Michael se ponía al teléfono a veces, pero Karma era incapaz de dirigirme la palabra. Pretendía no demostrar lo mucho que me dolía, pero Paul me conocía demasiado bien; por mi tono de voz sabía perfectamente de mis justificadas preocupaciones.

El caballero andante que conocí de joven siempre había estado ahí, incluso cuando sabía que no le quería. Bueno, no era cierto, si lo quería, pero no lo amaba. Para mí era un compañero, mi mejor amigo y la persona que mejor me conocía. No compartíamos demasiados gustos semejantes ni tampoco la misma visión de vida, pero quizás esa era la mayor ventaja de todas.

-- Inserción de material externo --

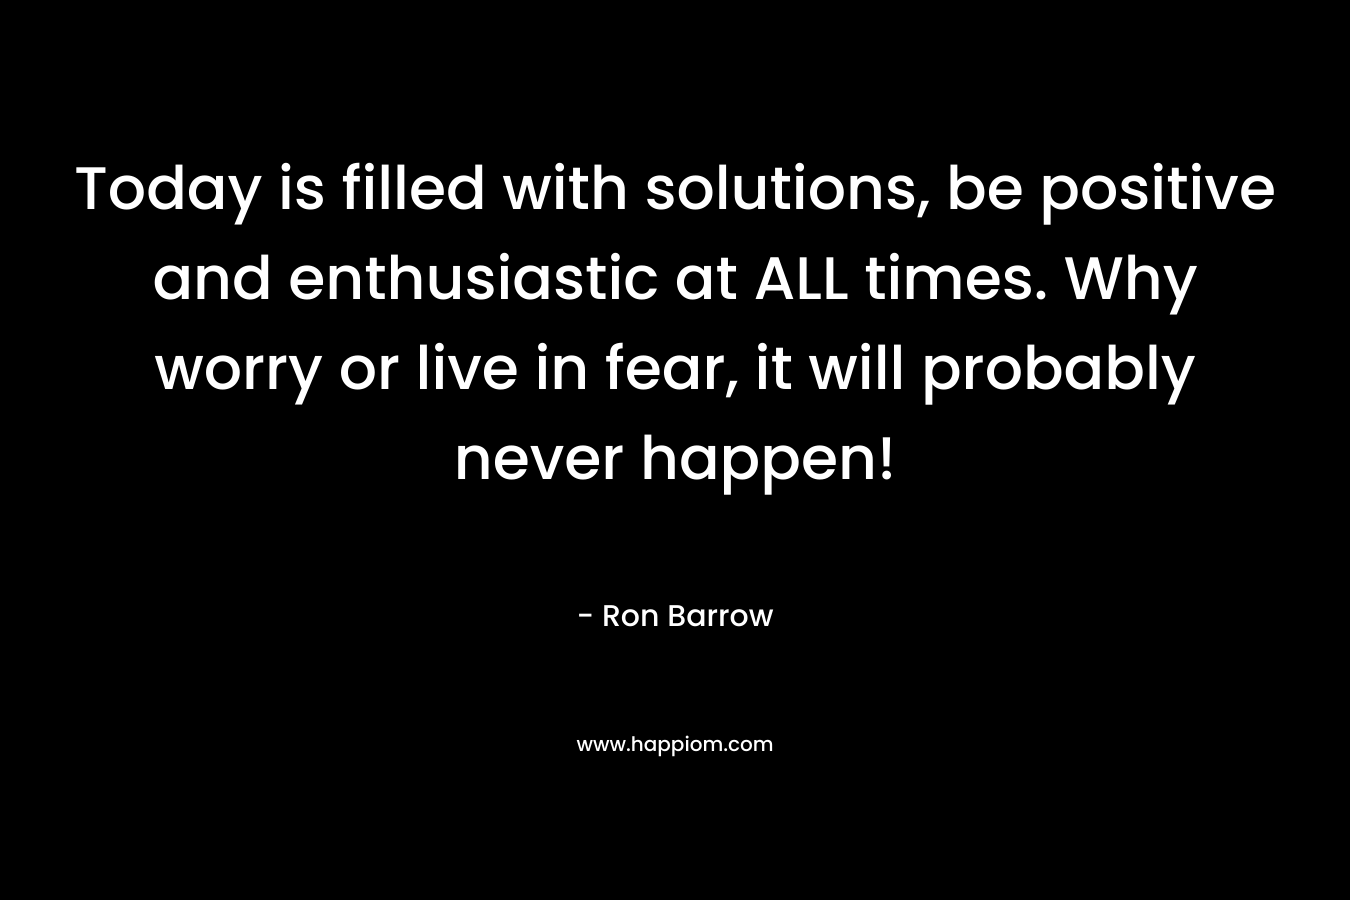 Today is filled with solutions, be positive and enthusiastic at ALL times. Why worry or live in fear, it will probably never happen!

Aprendía de él y él de mí. Una simbiosis extraña pero que funcionaba, aunque hubiera peleas de por medio. Tan sólo deseaba que Paul encontrase a alguien adecuado porque lo merecía.

Michael entró a la sala un tanto preocupado. Antes de preguntarle, él lo hizo antes:

—He escuchado que hablabas con alguien fuera, ¿Quién era?

Aquello hizo apretar más mi pecho. Me concentré de nuevo en el hervidor de agua que hacía ruidos sonoros desde hacía ya unos minutos y me permití llorar.

Lloraba de espaldas a mi familia; incluso a la "muralla de piedra", la muerte había sido capaz de azotarla sin piedad. No pude aguantar, tuve que rendirme ante la fuerza de su toque, dejando silenciosos a mi familia que no sabían en absoluto la información que cargaba.

Como el agua de un río ante la fría piedra: así es la muerte, la cual me hacía caer de rodillas otra vez. "La muralla de piedra" estaba siendo desgastada por la corriente. Piedra a piedra, me iba deshaciendo conforme se desbloqueaban recuerdos y arrepentimientos. Palabras que le dije a mi hija que eran fruto de estrés en el trabajo o de una post pelea con Paul; todo ello me pesaba ahora más que nunca.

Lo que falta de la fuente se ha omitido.